Noemí Chacón. Chemist, Mention in Geochemistry, Universidad Central de Venezuela. Doctor in Ecology Sciences, IVIC, Venezuela. Researcher, IVIC, Venezuela. e-mail: nchacon@ivic.ve

SUMMARY

Litterfall and nutrient return were studied in a primary forest (tall forest), a slight fire-affected forest (medium forest with low abundance of charred residues) and a strong fire-affected forest (low forest with abundant burned trunks on the forest floor) in the Gran Sabana, Southern Venezuela. The purpose was to determine how old fire disturbances that affected the forest structure are affecting the return of organic matter and nutrients from the biomass to the soil surface. The results did not reveal significant differences (P>0.05) in annual litter production between tall forest (5.2Mg·ha^-1·year^-1) and medium forest (5.7Mg·ha^-1·year^-1), indicating that minor perturbations had not affected the canopy productivity. Annual litter production in low forest (3.9Mg·ha^-1·year^-1) was significantly lower than in tall and medium forests (P<0.05). The differences in the litter production of low forest compared to tall and medium forests were surprisingly small considering that low forest were largely degraded, with 74 and 79% less stem density, 91 and 90% less basal area, and 97 and 96% less aboveground biomass than tall and medium forests, respectively. This indicates that fire disturbances that considerably affected the structural attributes of the forests are not influencing substantially the canopy productivity. Inputs of nutrients were low in all the forest types with low rates of litterfall to the soil surface and low concentrations of nutrients in such litterfall. The annual input of N and P followed the same trend as the annual input of litterfall, while the annual inputs of Ca, K and Mg were very variable.

APORTE DE NUTRIENTES POR CAÍDA DE HOJARASCA EN UN BOSQUE NO PERTURBADO Y EN BOSQUES ADYACENTES PERTURBADOS POR EL FUEGO EN LA GRAN SABANA, SURESTE DE VENEZUELA

RESUMEN

La caída de hojarasca y el retorno de nutrientes fueron estudiados en un bosque primario (bosque alto), un bosque ligeramente afectado por el fuego (bosque medio con baja abundancia de residuos carbonizados) y un bosque fuertemente afectado por el fuego (bosque bajo con abundantes troncos carbonizados sobre el suelo) en la Gran Sabana, al sureste de Venezuela. El propósito de este estudio fue determinar si antiguas perturbaciones por fuego que afectaron la estructura de los bosques están afectando el retorno de hojarasca y nutrientes desde la biomasa hacia la superficie del suelo. Los resultados no mostraron diferencias significativas (P>0,05) en la producción anual de hojarasca entre el bosque alto (5,2Mg·ha^-1·año^-1) y el bosque medio (5,7Mg·ha^-1·año^-1), indicando que perturbaciones menores no afectan la productividad del dosel. La producción anual de hojarasca en el bosque bajo (3,9Mg·ha^-1·año^-1) fue significativamente mas baja que en los bosques alto y medio (P<0,05). Las diferencias en la producción de hojarasca entre el bosque bajo y los bosques alto y medio fueron sorprendentemente pequeñas si se considera que el bosque bajo estaba muy degradado, con 74-79% menos árboles y 96-97% menos biomasa que los bosques alto y medio, respectivamente. Esto sugiere que perturbaciones por fuego que afectaron considerablemente los atributos estructurales del bosque, no están influenciando sustancialmente la productividad del dosel.

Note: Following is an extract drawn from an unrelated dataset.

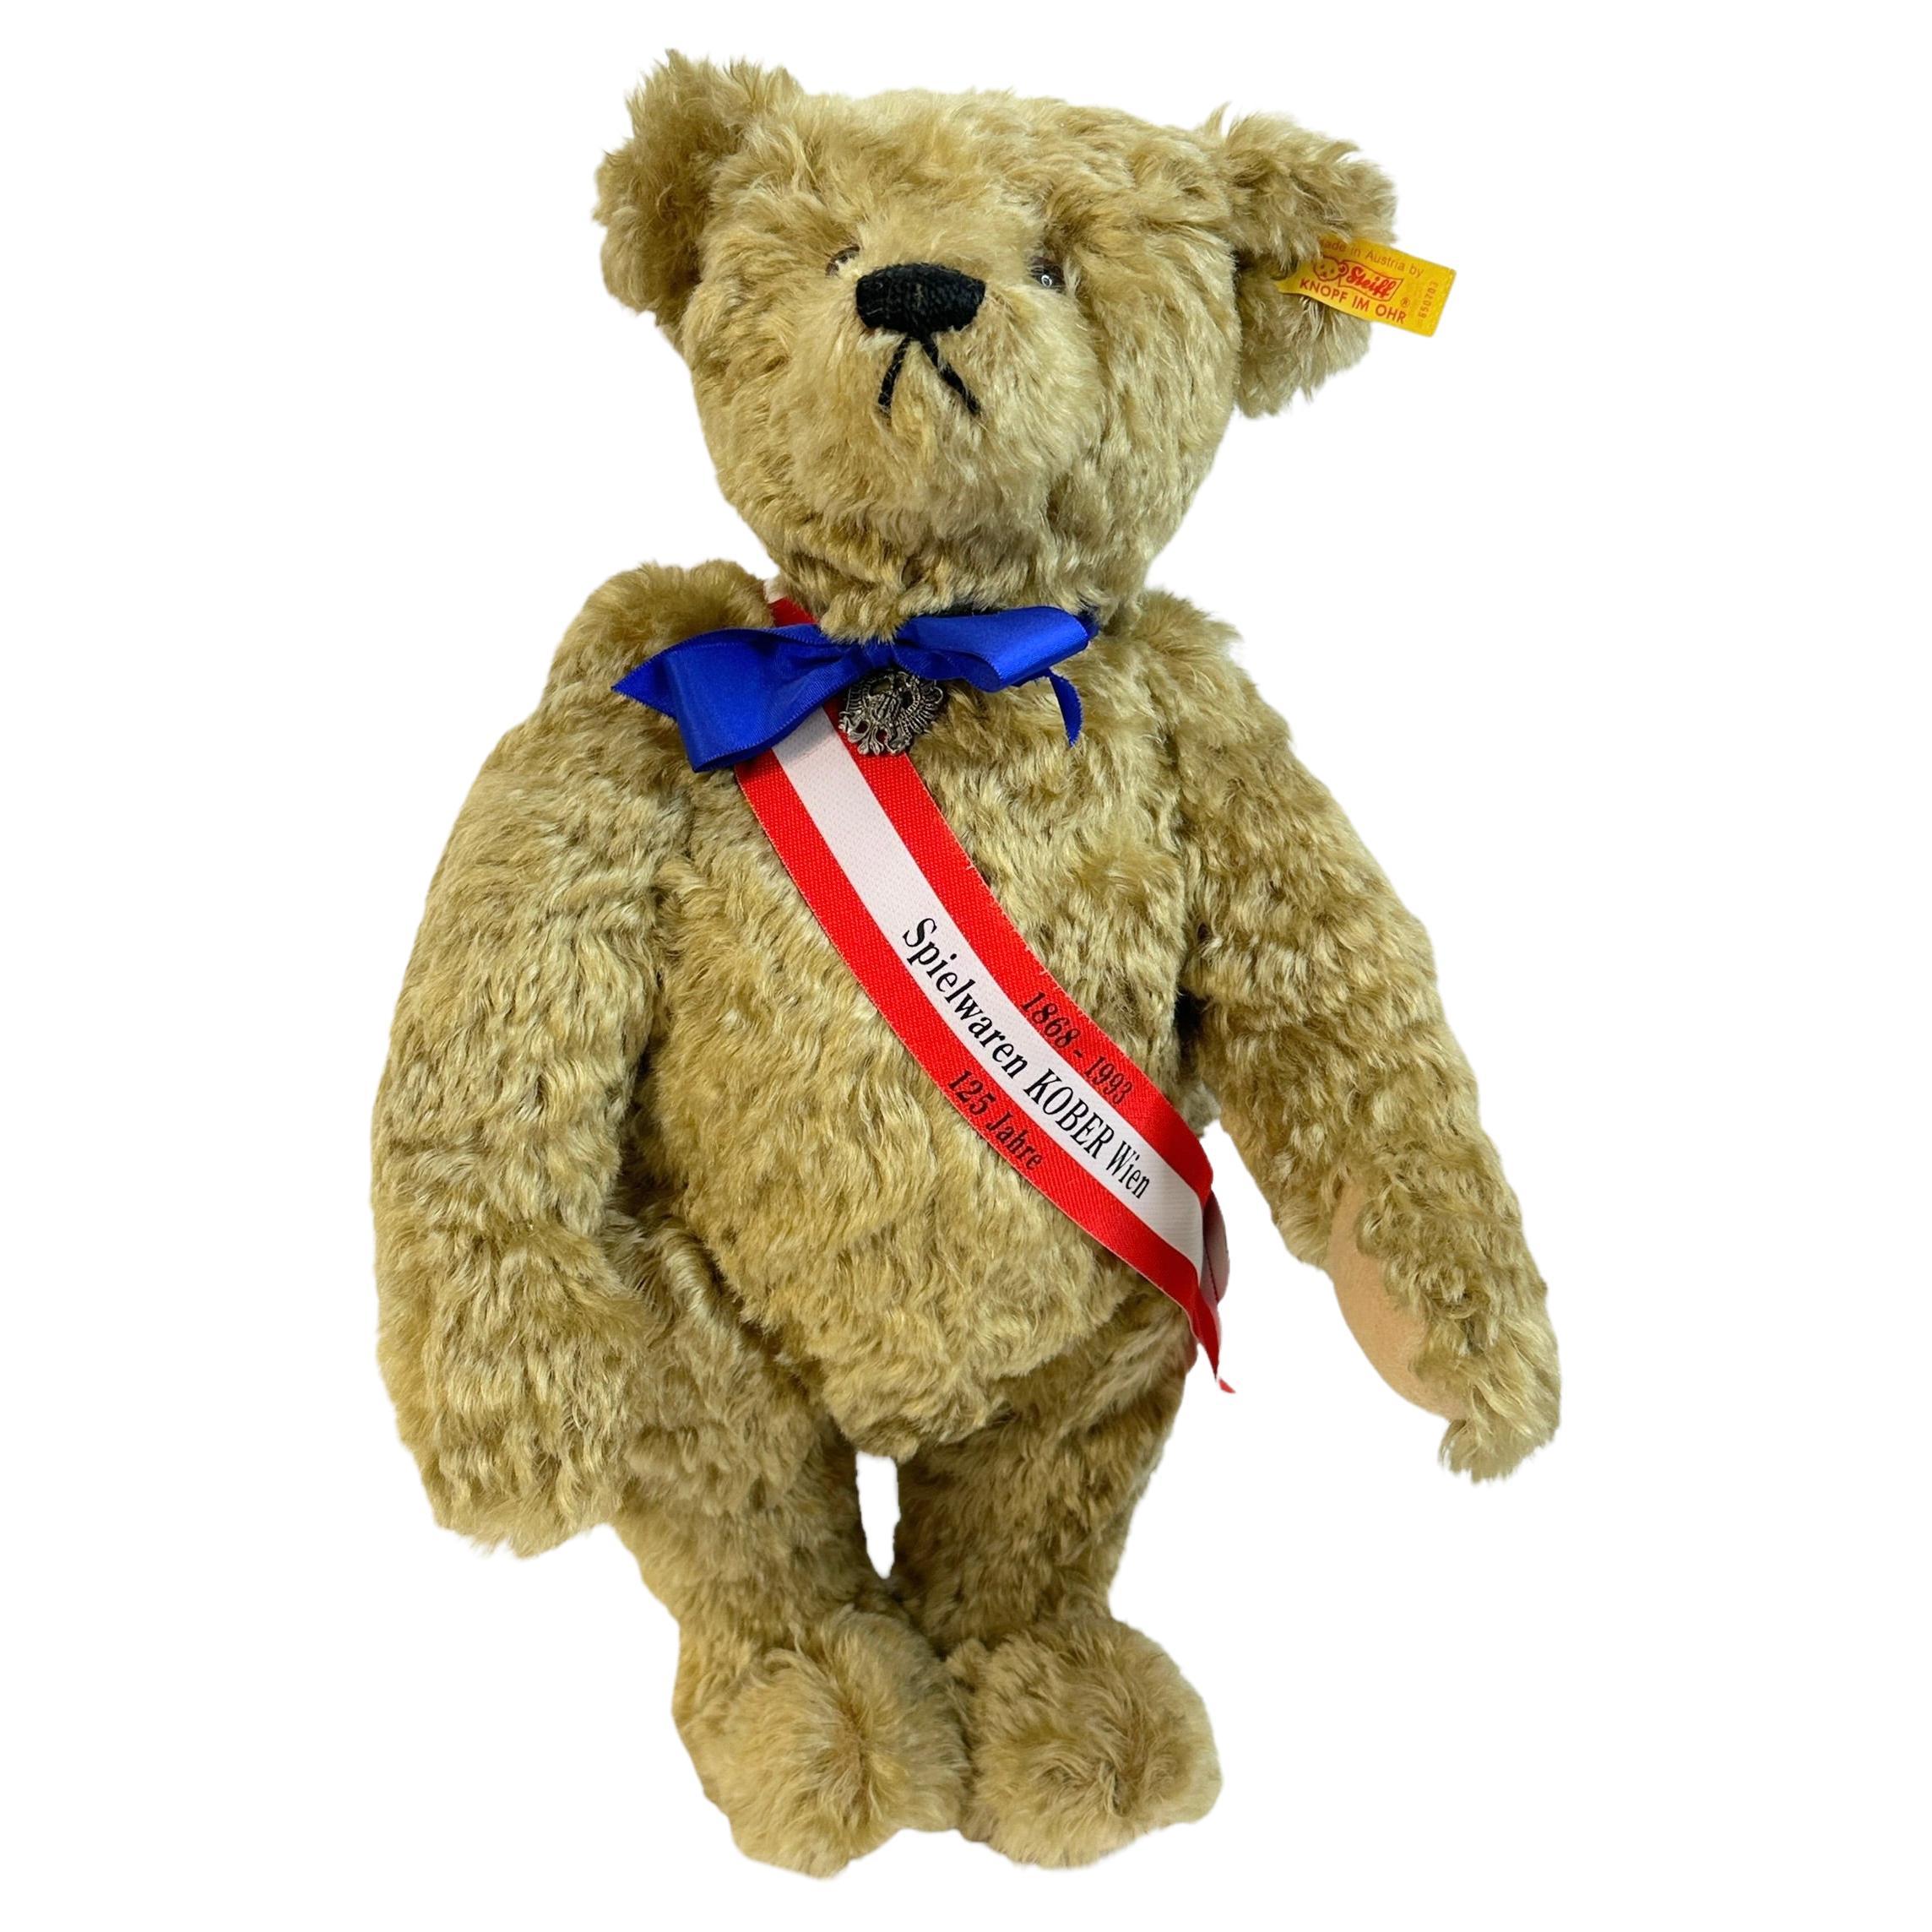 Steiff Collectible Teddy Bear Toy Store Kober Vienna exclusive, Vintage Austria For Sale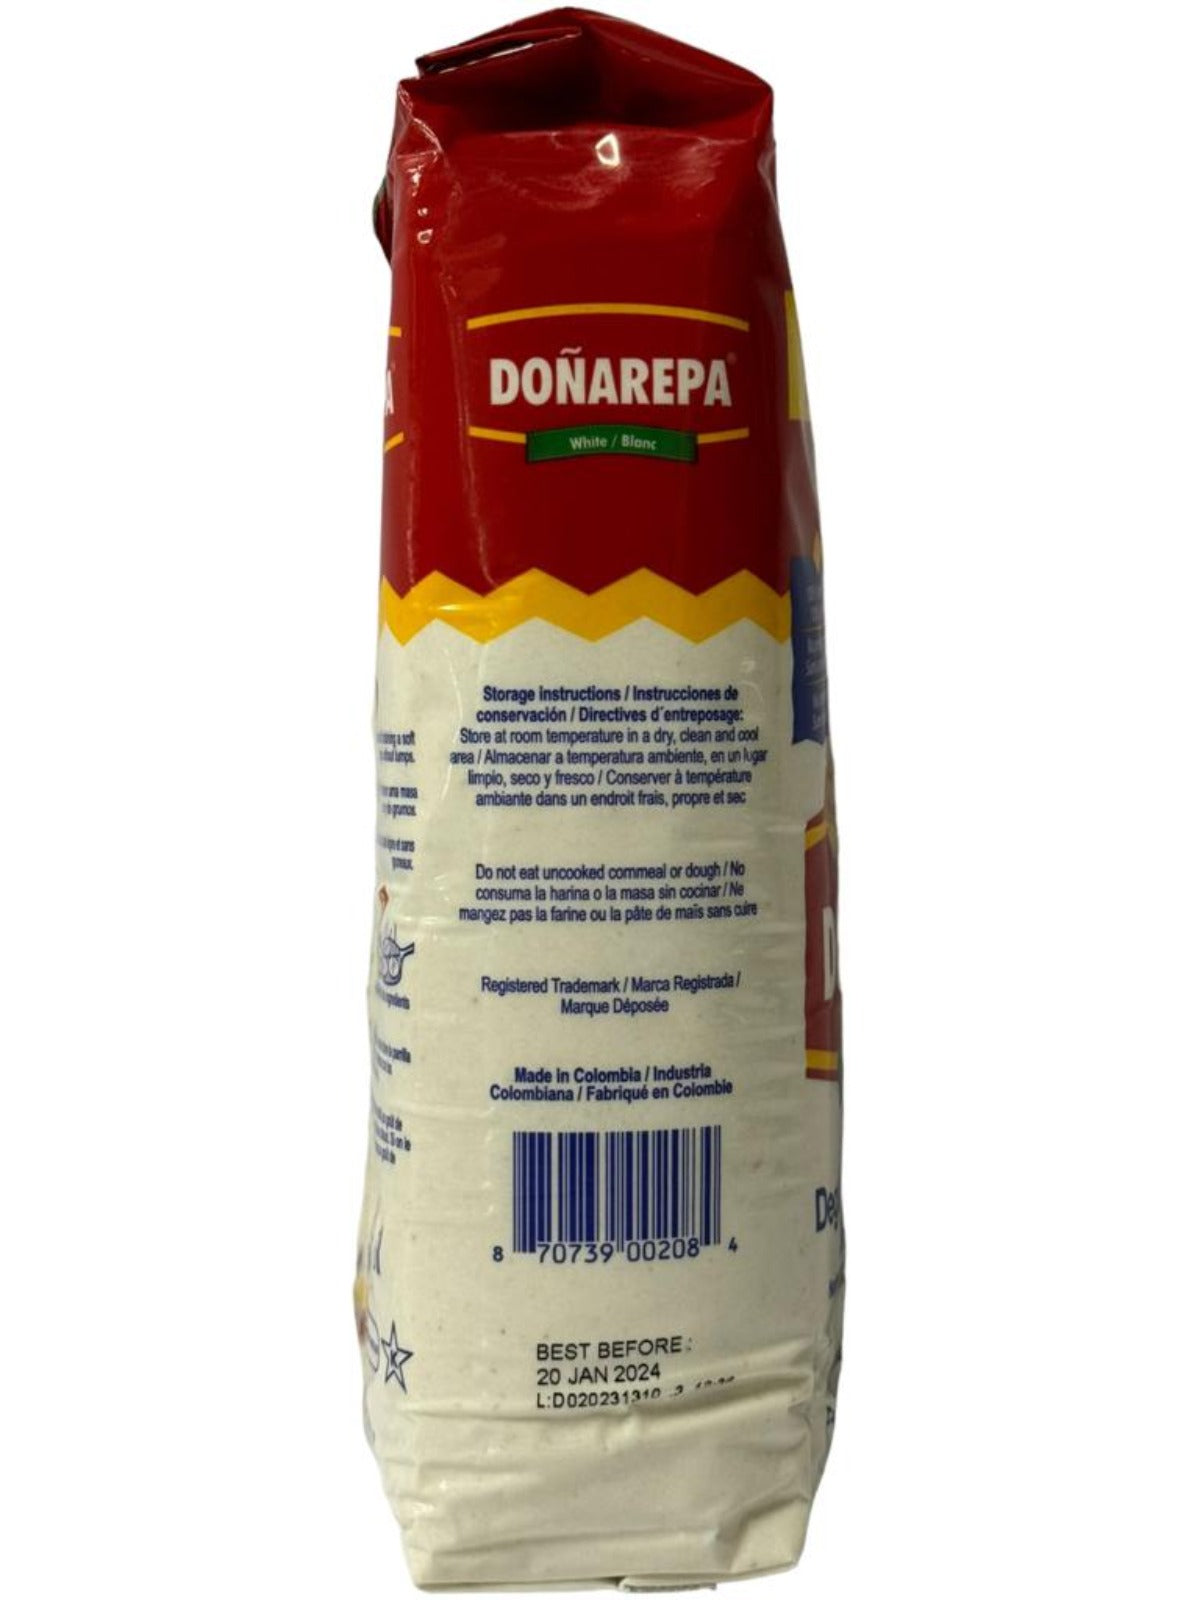 Donarepa Colombian Arepa White Corn Flour Twin Pack + Donarepa Colombian Yellow Corn Flour Twin Pack 1kg ea 4kg total

Las entradas de nutrientes a través de la hojarasca fueron bajas en todos los tipos de bosque, con bajas tasas de retorno de la hojarasca a la superficie del suelo y bajas concentraciones de nutrientes en esa hojarasca. Las entradas anuales de N y P siguieron la misma tendencia que la entrada anual de hojarasca, mientras que las entradas anuales de Ca, K y Mg fueron bastante variables.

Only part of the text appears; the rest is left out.